══ Material provided ══
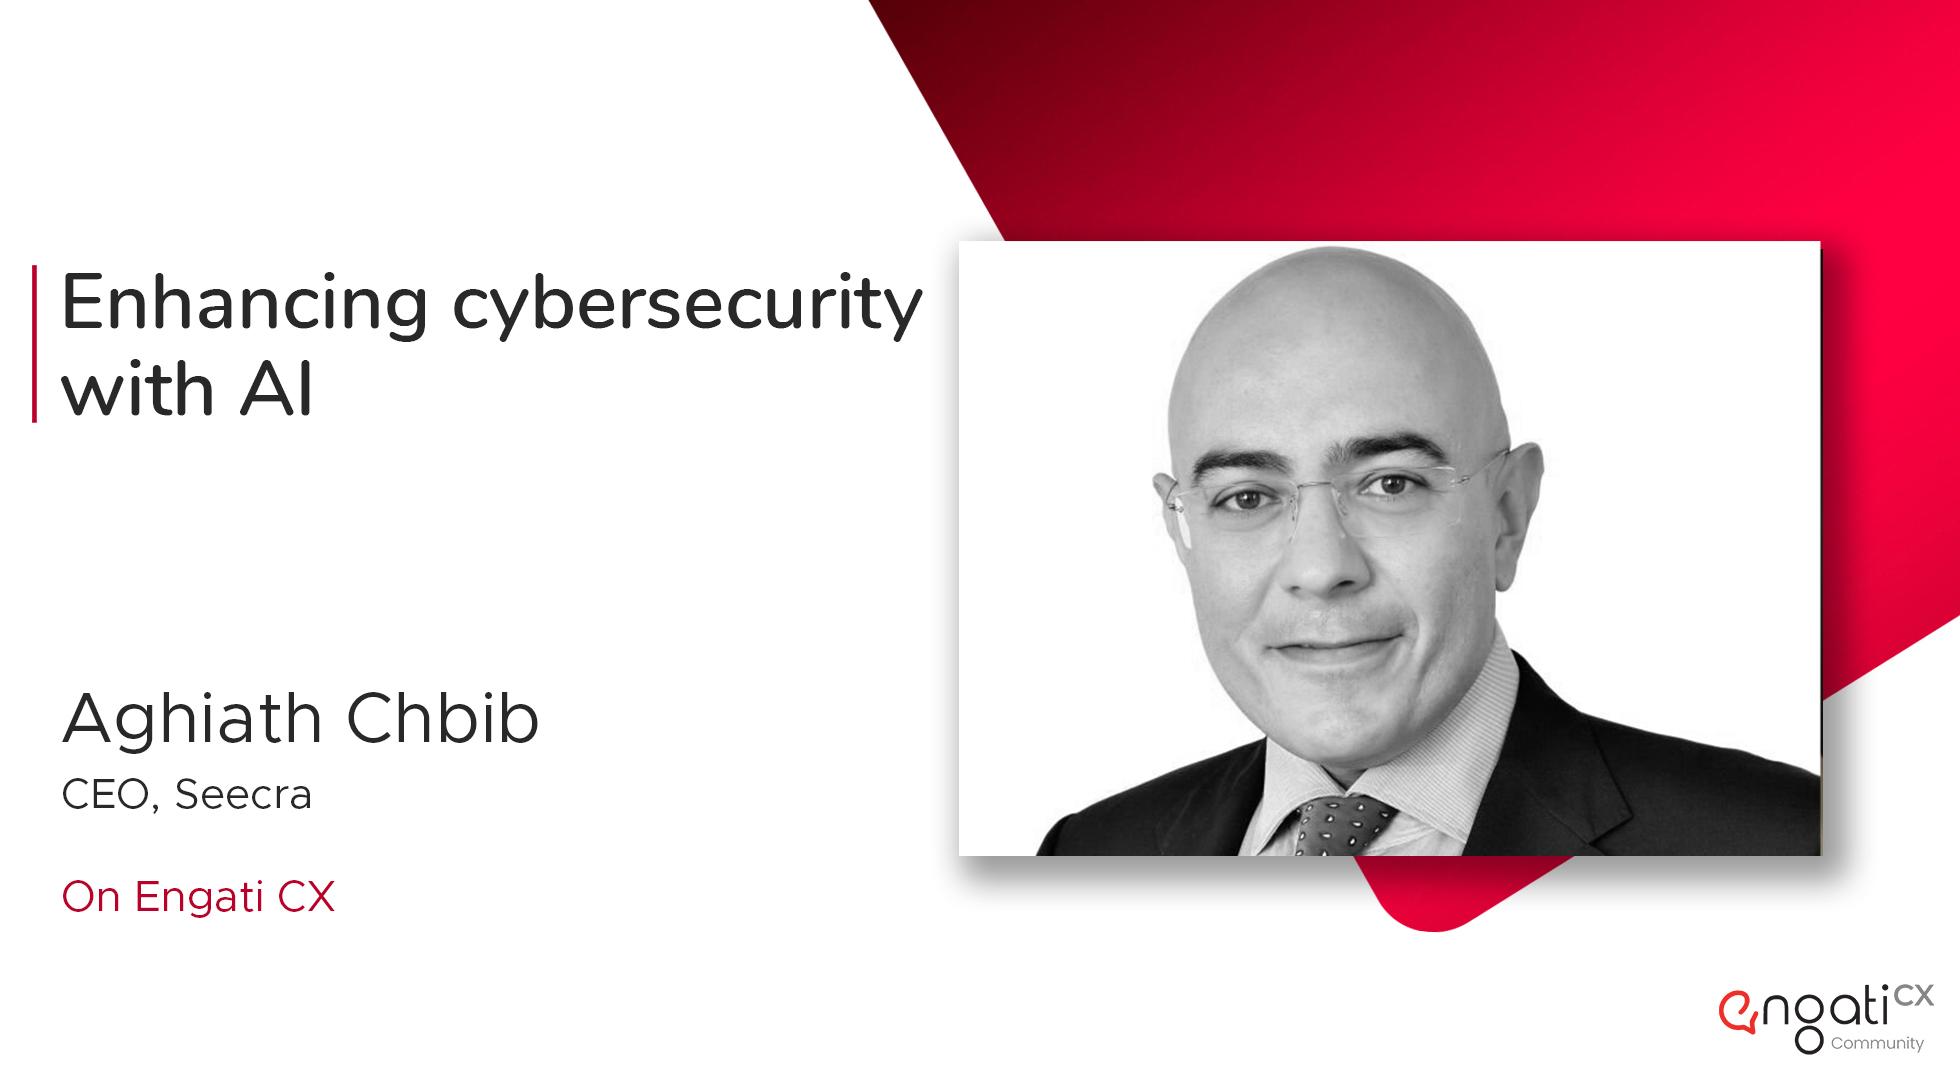 Enhancing cybersecurity with AI | Aghiath Chbib | Engati CX
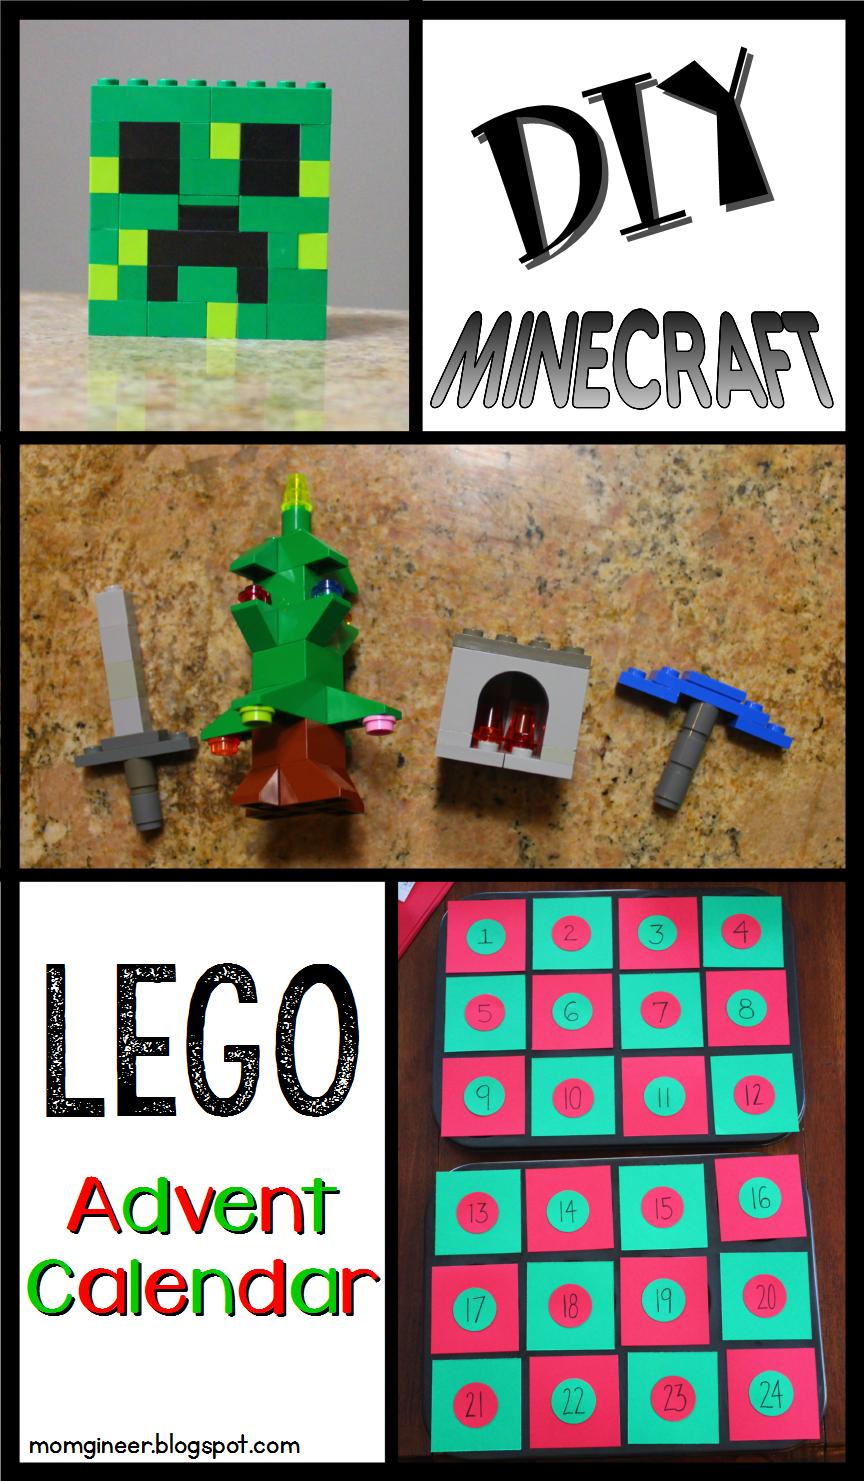 Advent Calendar Diy Template : Lego diy advent calendar search results
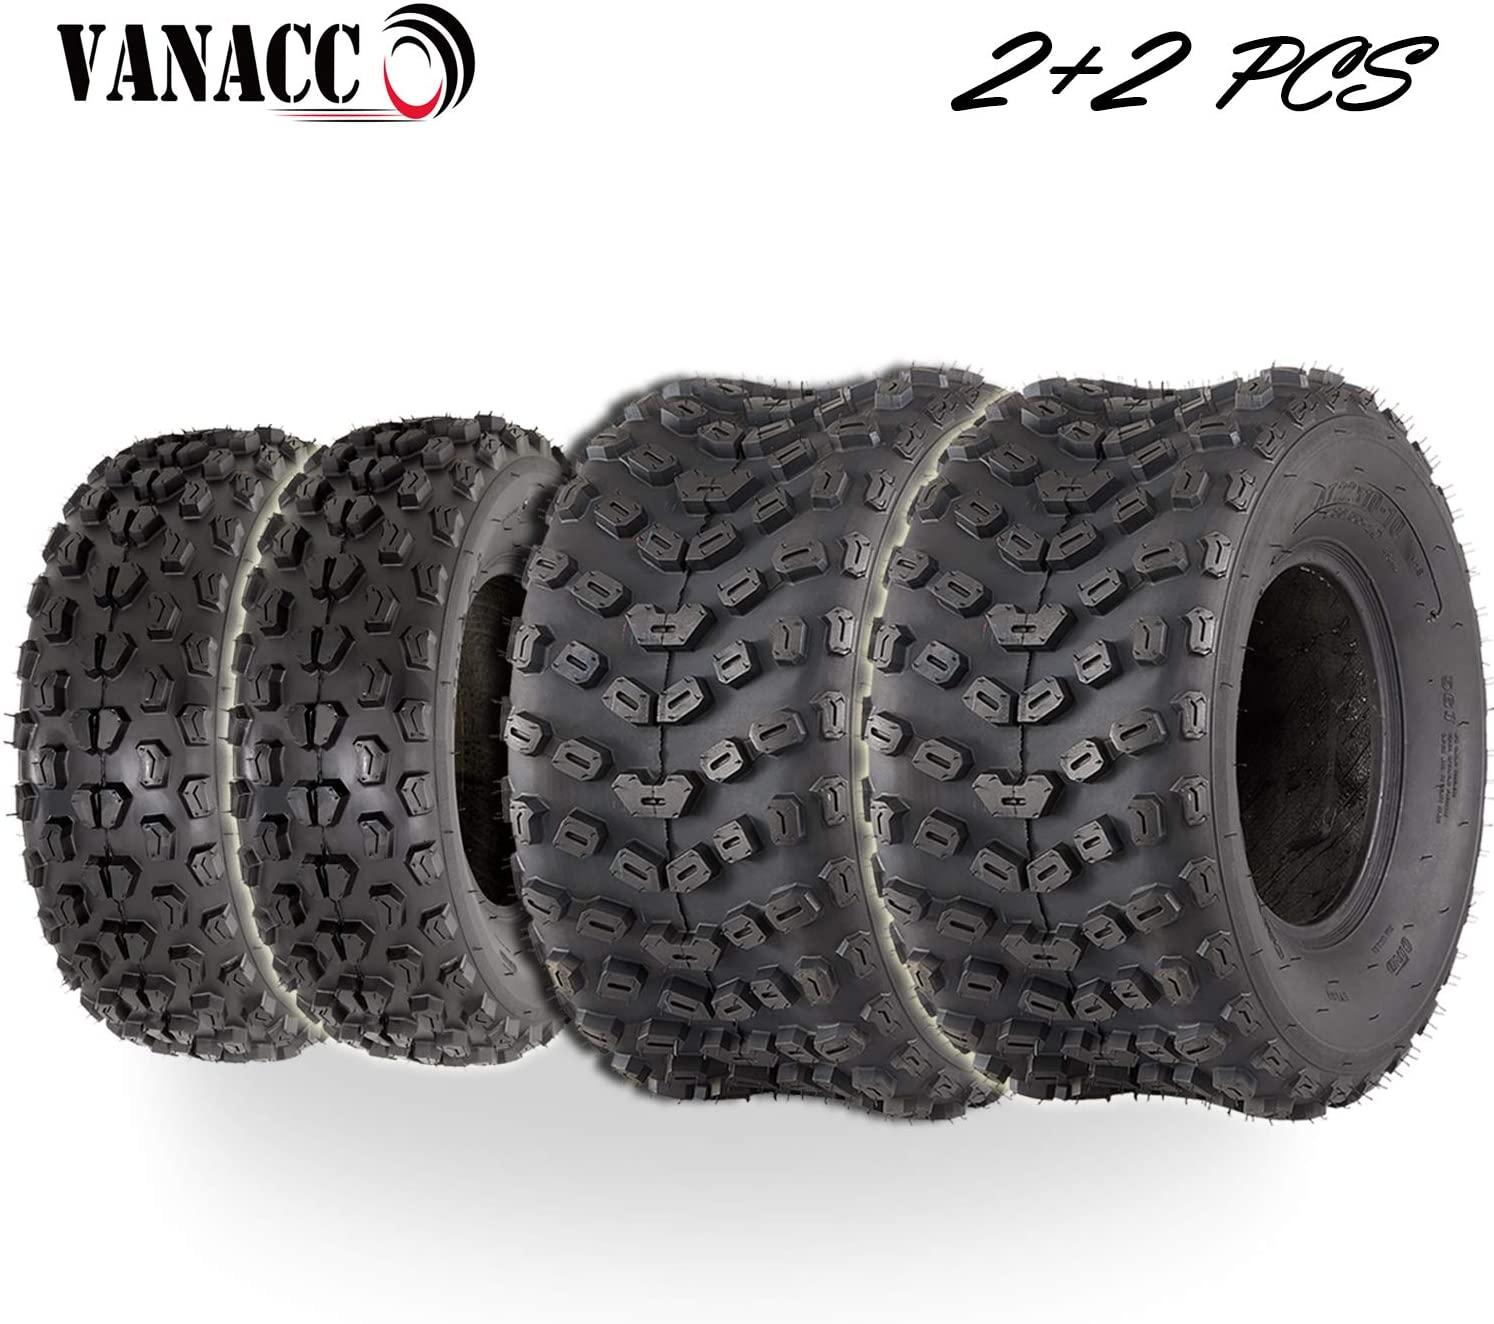 VANACC Set of 4 ATV/UTV Tires 22x7-10 Front 22x10-10 Rear Tubeless 22x7x10 22x10-10
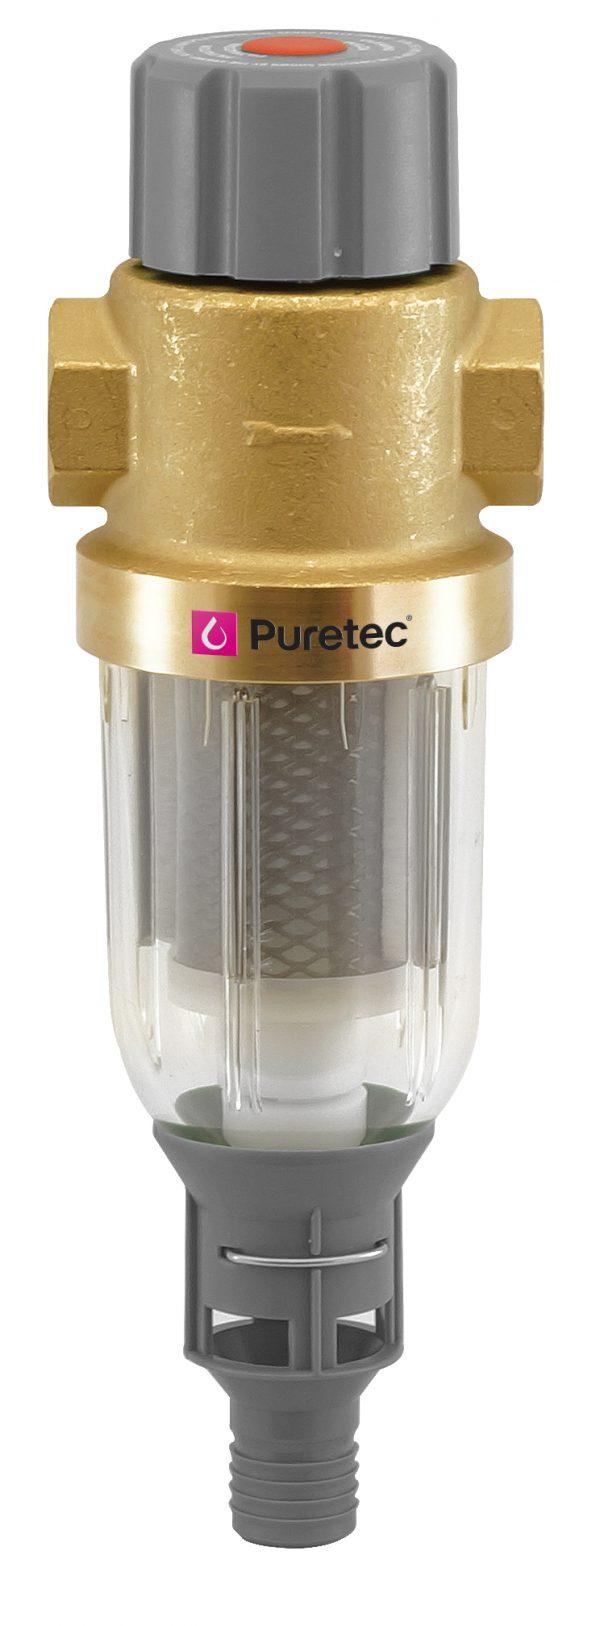 Puretec Manual Backwash Filter
═══
## [Problem details]
Set the pictures aside and transcribe the data above exactly.

## [Exercise response]
 Enhancing cybersecurity with AI | Aghiath Chbib | Engati CX
 Advent Calendar Diy Template : Lego diy advent calendar search results
 VANACC Set of 4 ATV/UTV Tires 22x7-10 Front 22x10-10 Rear Tubeless 22x7x10 22x10-10
 Puretec Manual Backwash Filter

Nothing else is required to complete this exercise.